1.     Time and Manner of Exercise of Option

        1.1.    Exercise of Option.    (a) In general. The Option shall become exercisable according to the following vesting schedule:

1/4 of grant vests on «FIRST ANNIVERSARY OF GRANT DATE»

1/4 of grant vests on «SECOND ANNIVERSARY OF GRANT DATE»

1/4 of grant vests on «THIRD ANNIVERSARY OF GRANT DATE»

Remaining 1/4 of grant vests on «FOURTH ANNIVERSARY OF GRANT DATE»

 

        In no event may the Option be exercised, in whole or in part, after «TENTH ANNIVERSARY OF GRANT DATE» (the "Expiration Date").

        (b)    Disability.    If the Optionee's employment by or service with the Employers and Affiliates terminates by reason of Disability, the Option shall be exercisable only to the extent it is exercisable on the effective date of the Optionee's termination of employment or service and after such date may be exercised by the Optionee (or the Optionee's Legal Representative) for a period of 12 months after the effective date of the Optionee's termination of employment or service, or until the Expiration Date, whichever period is shorter. If the Optionee shall die within such original exercise period, the Option shall be exercisable by the beneficiary or beneficiaries duly designated by the Optionee, to the same extent the Option was exercisable by the Optionee on the date of the Optionee's death, for a period ending on the later of (i) the last day of such original exercise period and (ii) 90 days after the date of the Optionee's death.

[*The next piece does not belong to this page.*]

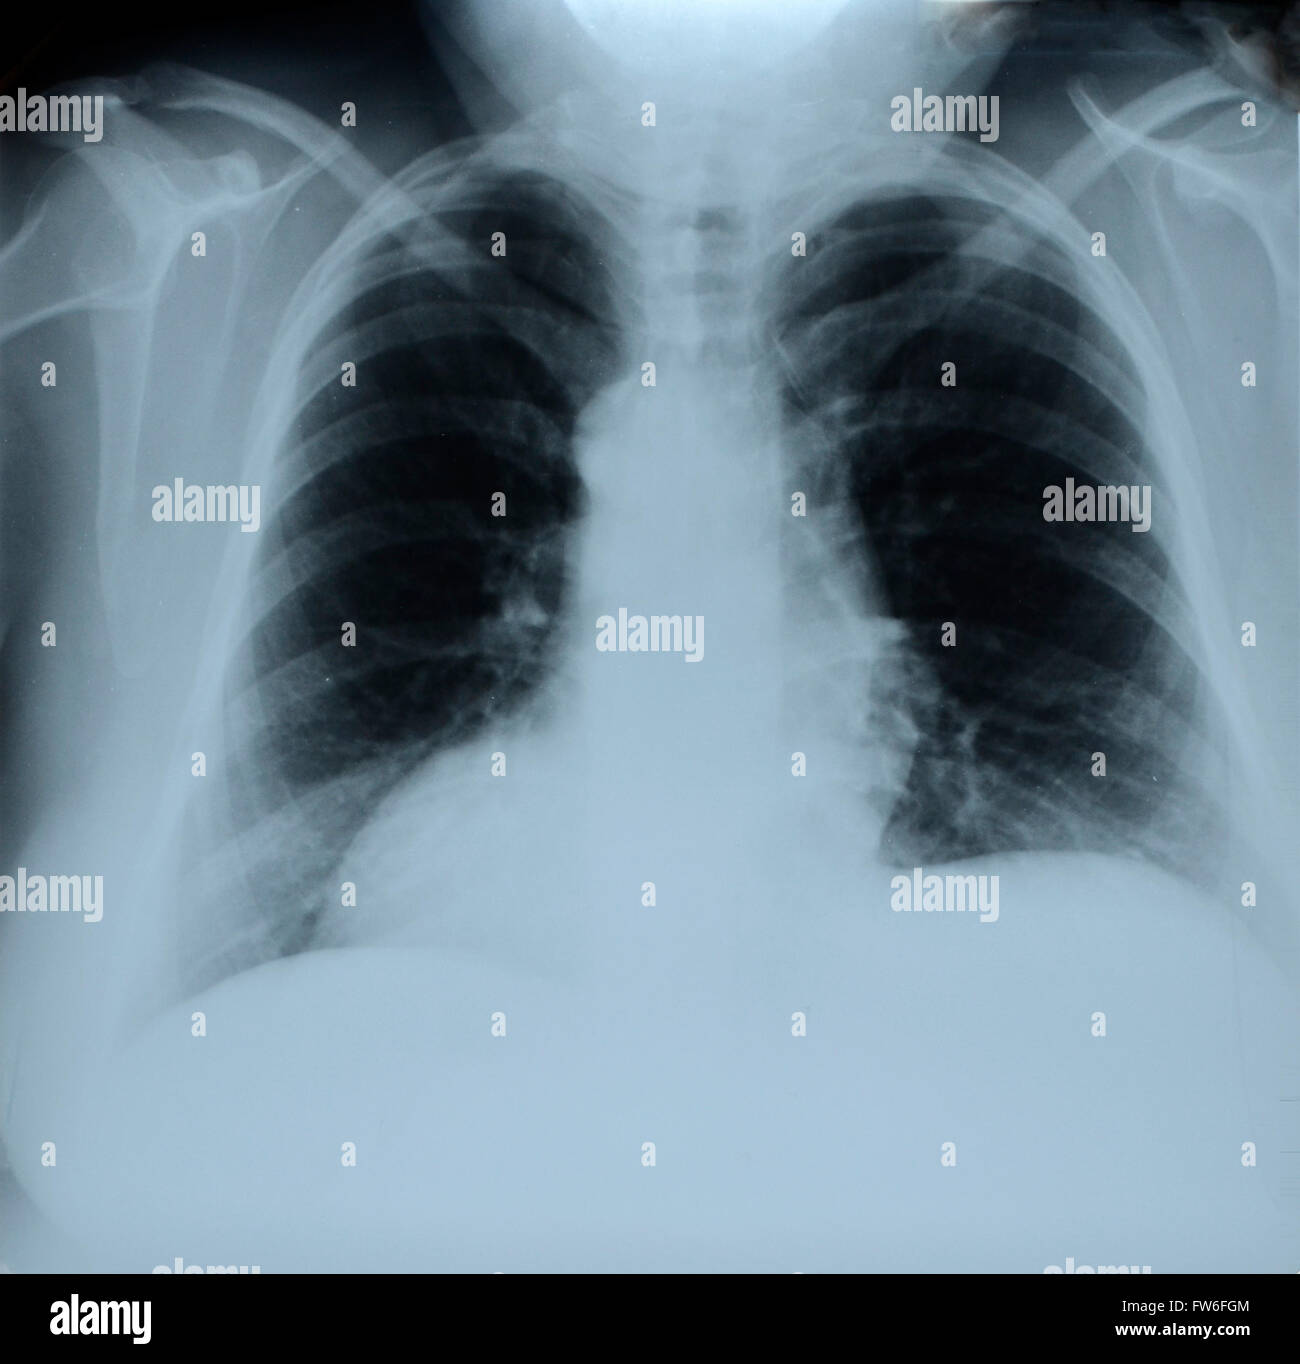 Radiographie de la poitrine humaine Banque D'Images

        (c)    Special Retirement.    If the Optionee's employment by or service with the Employers and Affiliates terminates by reason of Special Retirement (as defined below), the Option immediately shall become exercisable in full and after such date may be exercised by the Optionee (or the Optionee's Legal Representative) for a period of 12 months after the effective date of the Special Retirement, or until the Expiration Date, whichever period is shorter. If the Optionee shall die within such original exercise period, the Option shall be exercisable by the beneficiary or beneficiaries duly designated by the Optionee, to the same extent the Option was exercisable by the Optionee on the date of the Optionee's death, for a period ending on the later of (i) the last day of such original exercise period and (ii) 90 days after the date of the Optionee's death. For purposes of this Award Agreement, "Special Retirement" shall mean an Optionee's termination of employment or service with the Employers and Affiliates on or after the later of (i) the Optionee's attainment of age 62 and (ii) the Optionee's Early Retirement Date or Normal Retirement Date, as such terms are defined in the Telephone and Data Systems, Inc. Pension Plan.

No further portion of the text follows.